*Recorded data*:
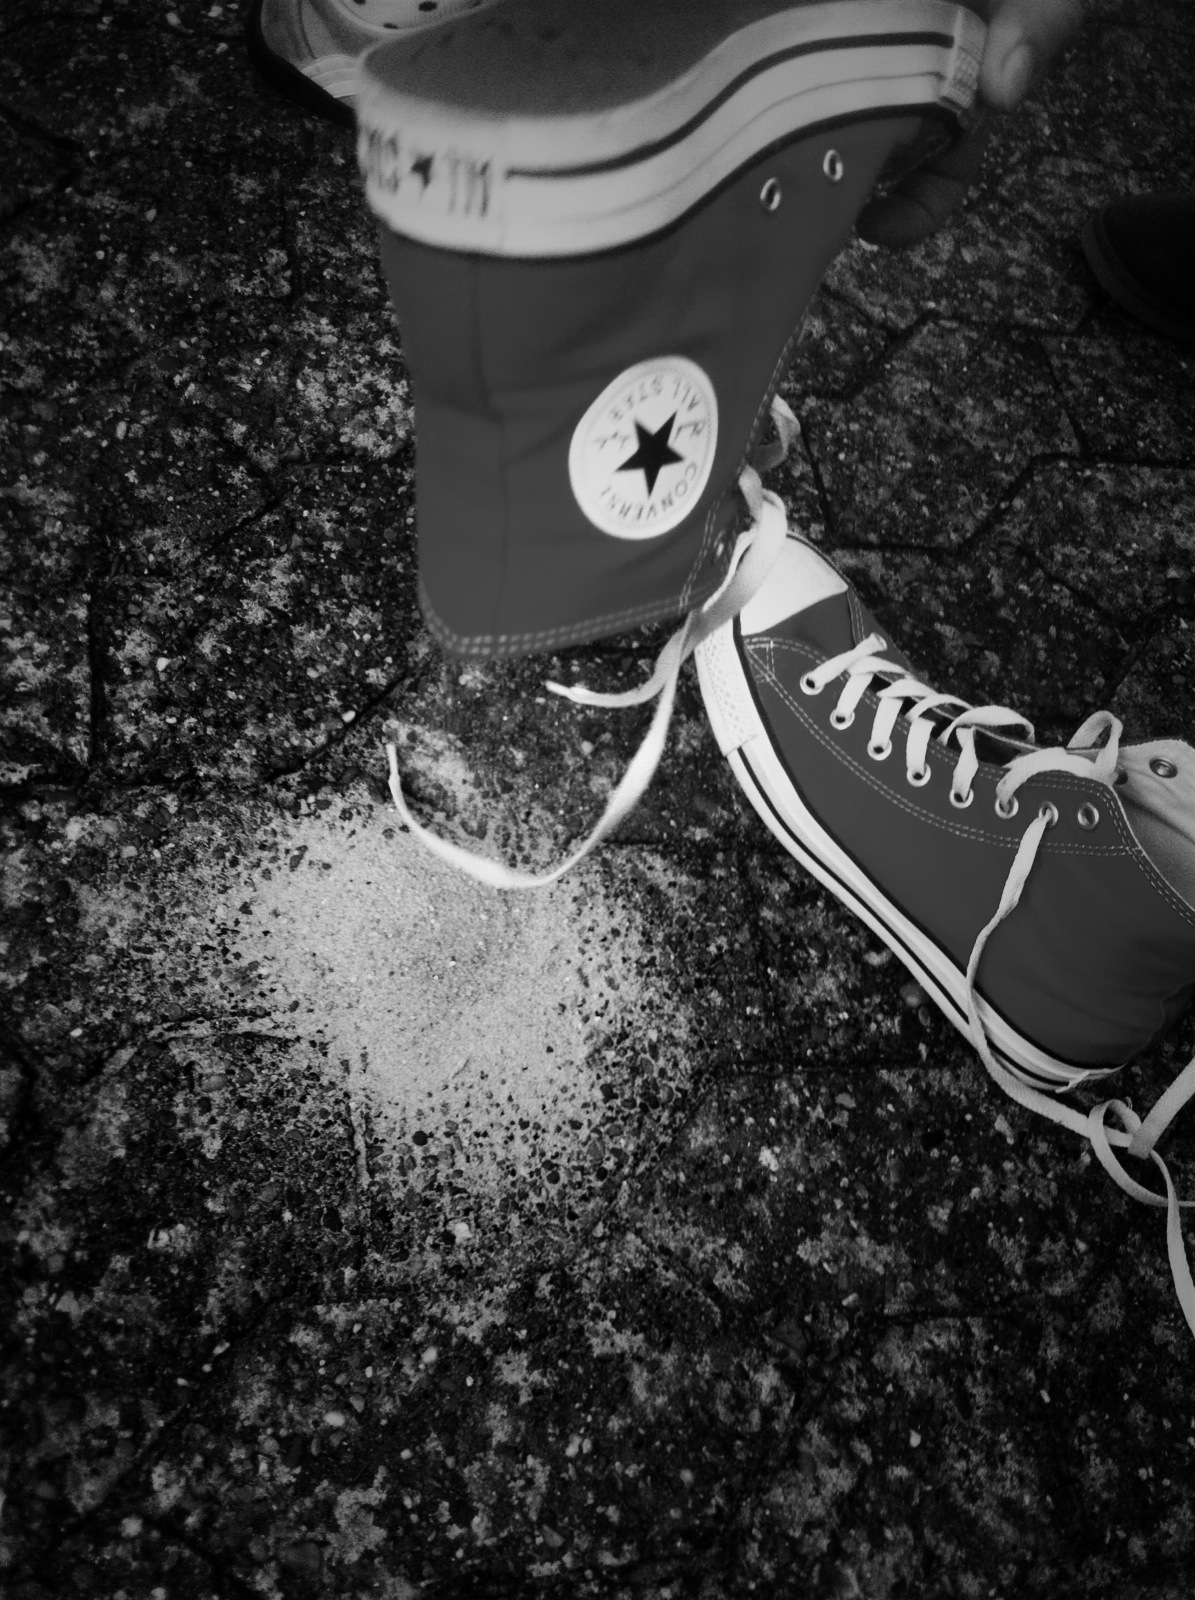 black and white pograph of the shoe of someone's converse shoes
---
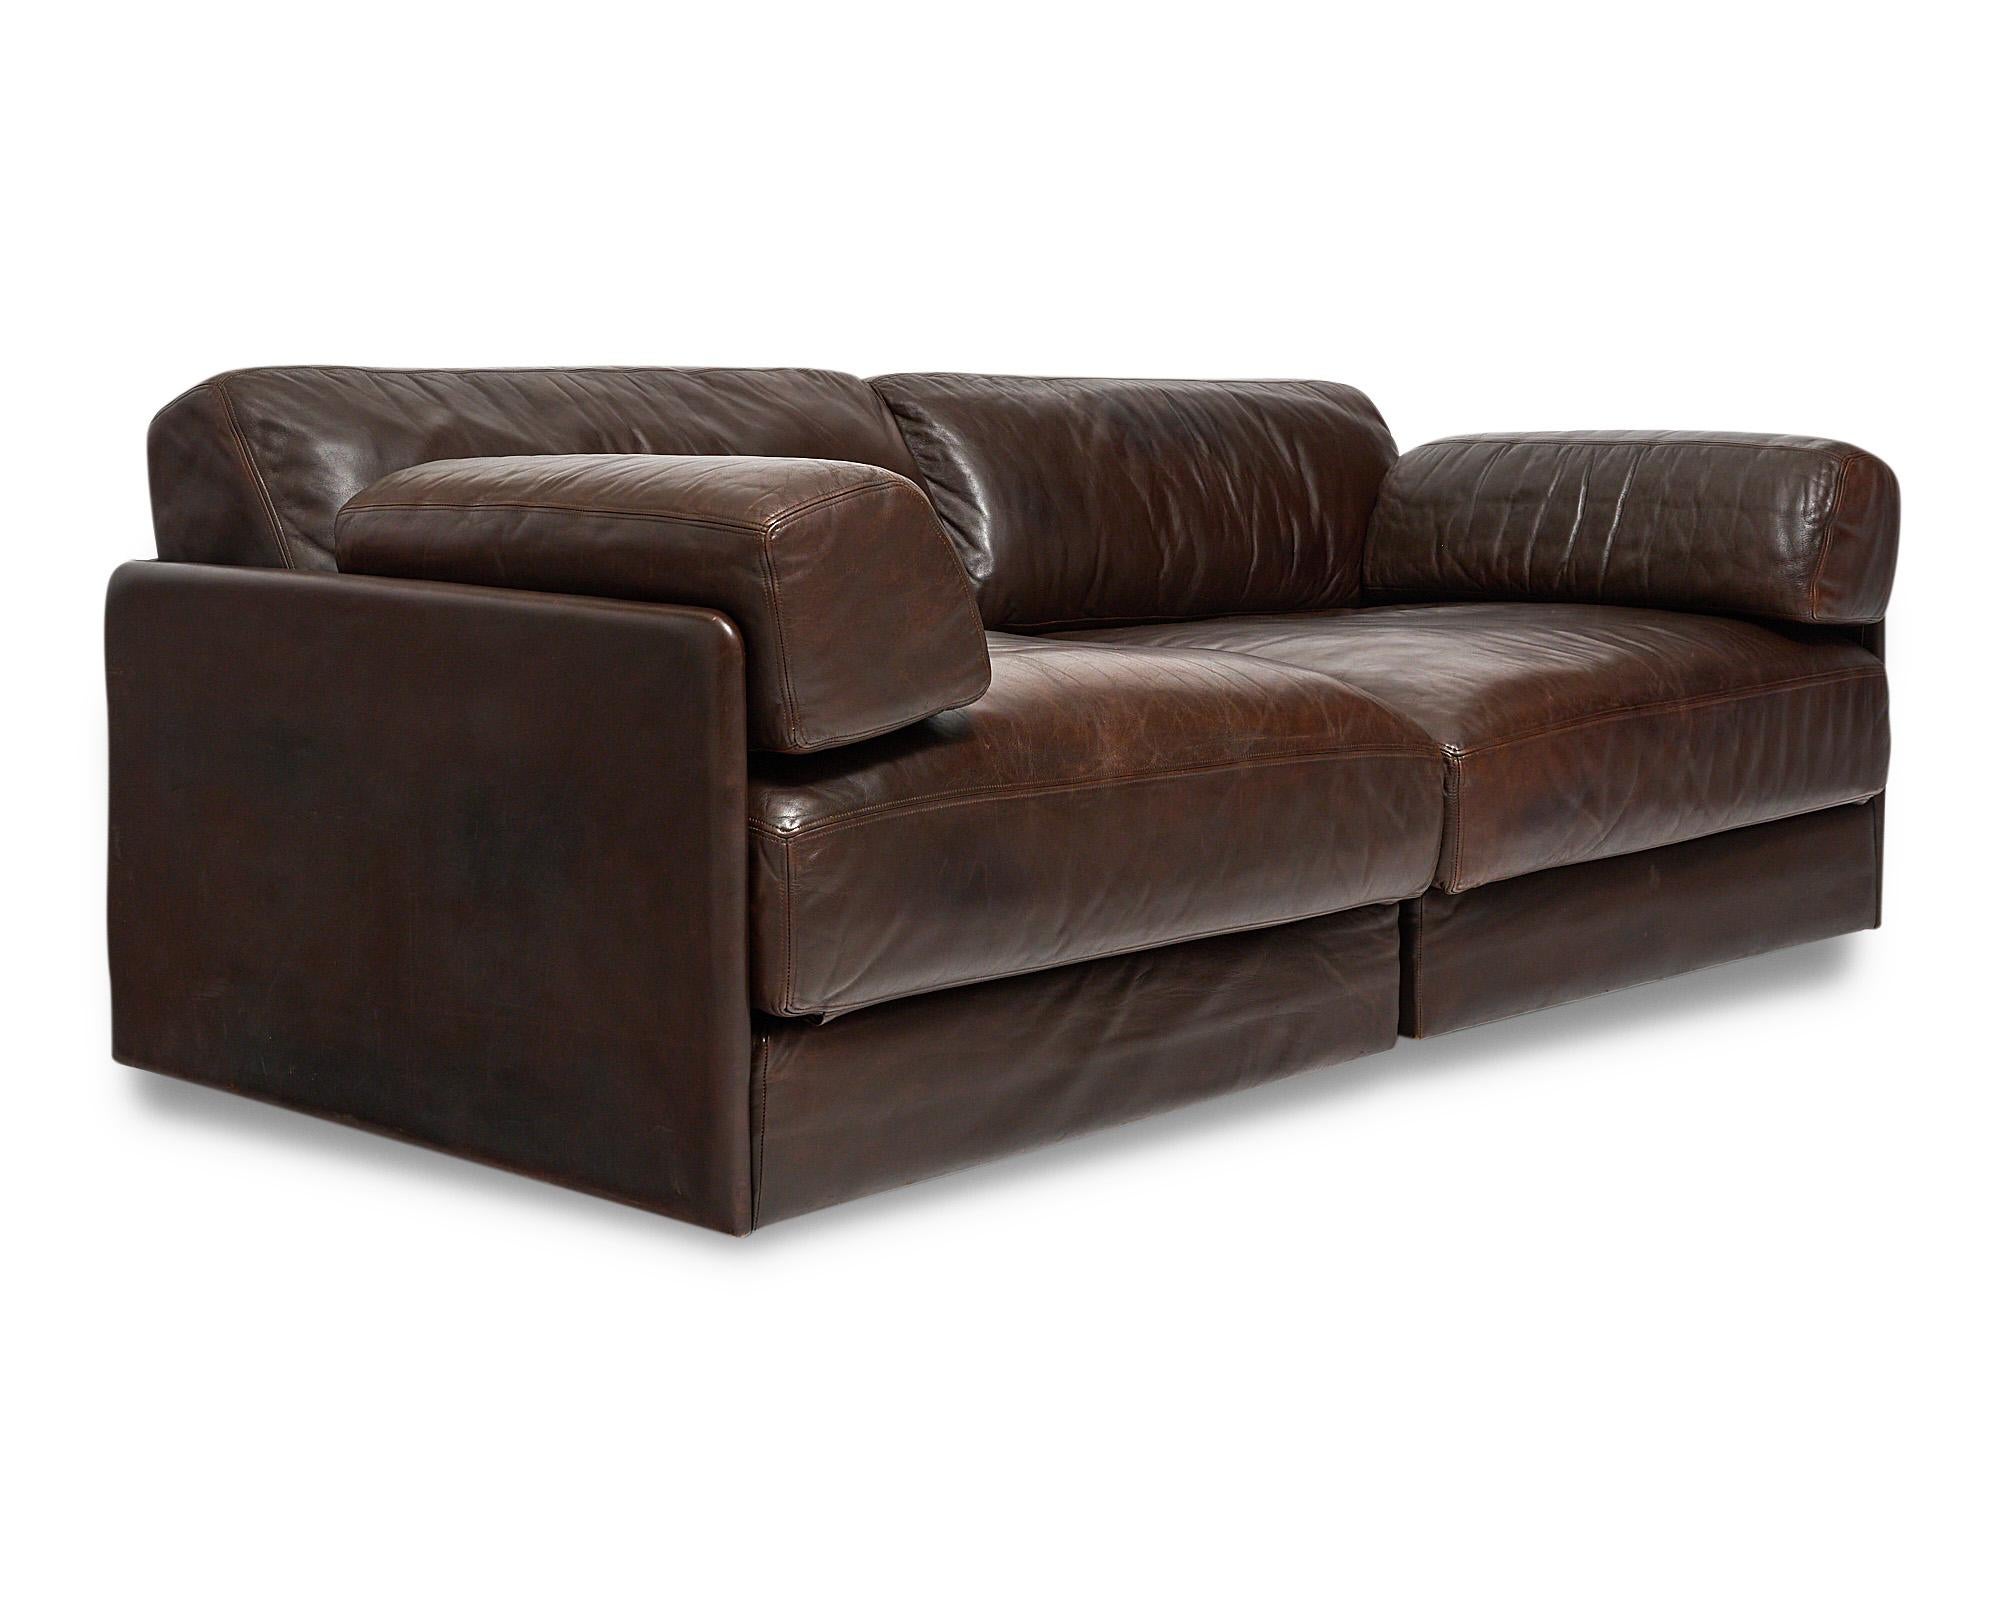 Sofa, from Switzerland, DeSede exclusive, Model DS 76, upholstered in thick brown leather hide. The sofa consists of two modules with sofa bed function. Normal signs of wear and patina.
...
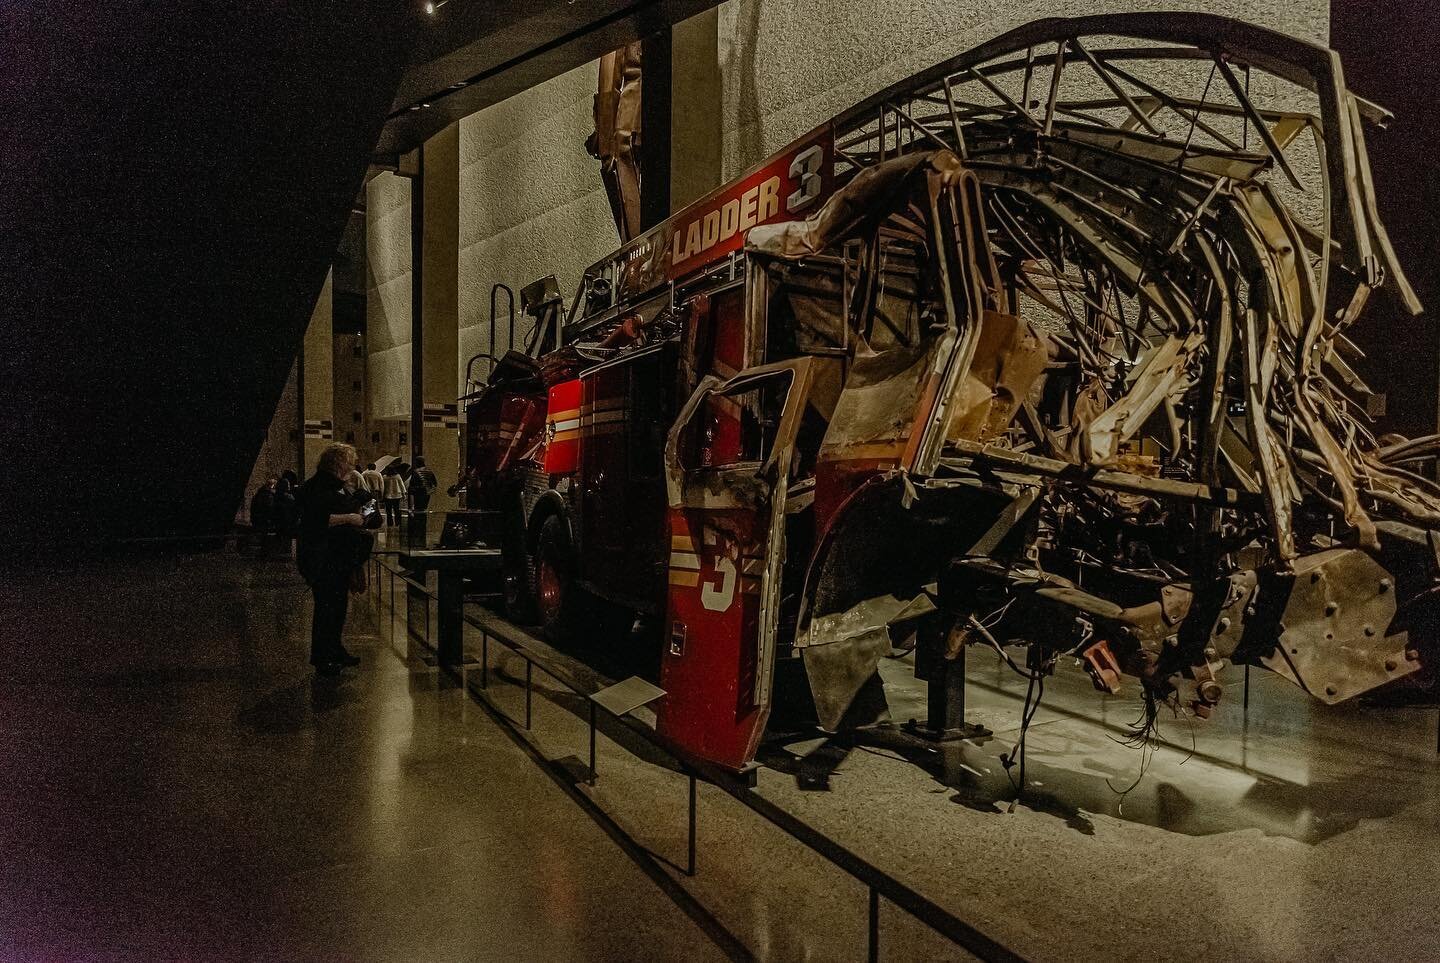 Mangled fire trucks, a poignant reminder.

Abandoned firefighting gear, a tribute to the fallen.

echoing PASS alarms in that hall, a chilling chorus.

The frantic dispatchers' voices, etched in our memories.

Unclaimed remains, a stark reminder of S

*Work required*: For the material above, give again only the lines starting at the line that contains "Mangled fire trucks, a poignant reminder." and ending at the line that contains "Unclaimed remains, a stark reminder of S". Pictures do not belong in the copy.

*Completed task*:
 Mangled fire trucks, a poignant reminder.

Abandoned firefighting gear, a tribute to the fallen.

echoing PASS alarms in that hall, a chilling chorus.

The frantic dispatchers' voices, etched in our memories.

Unclaimed remains, a stark reminder of S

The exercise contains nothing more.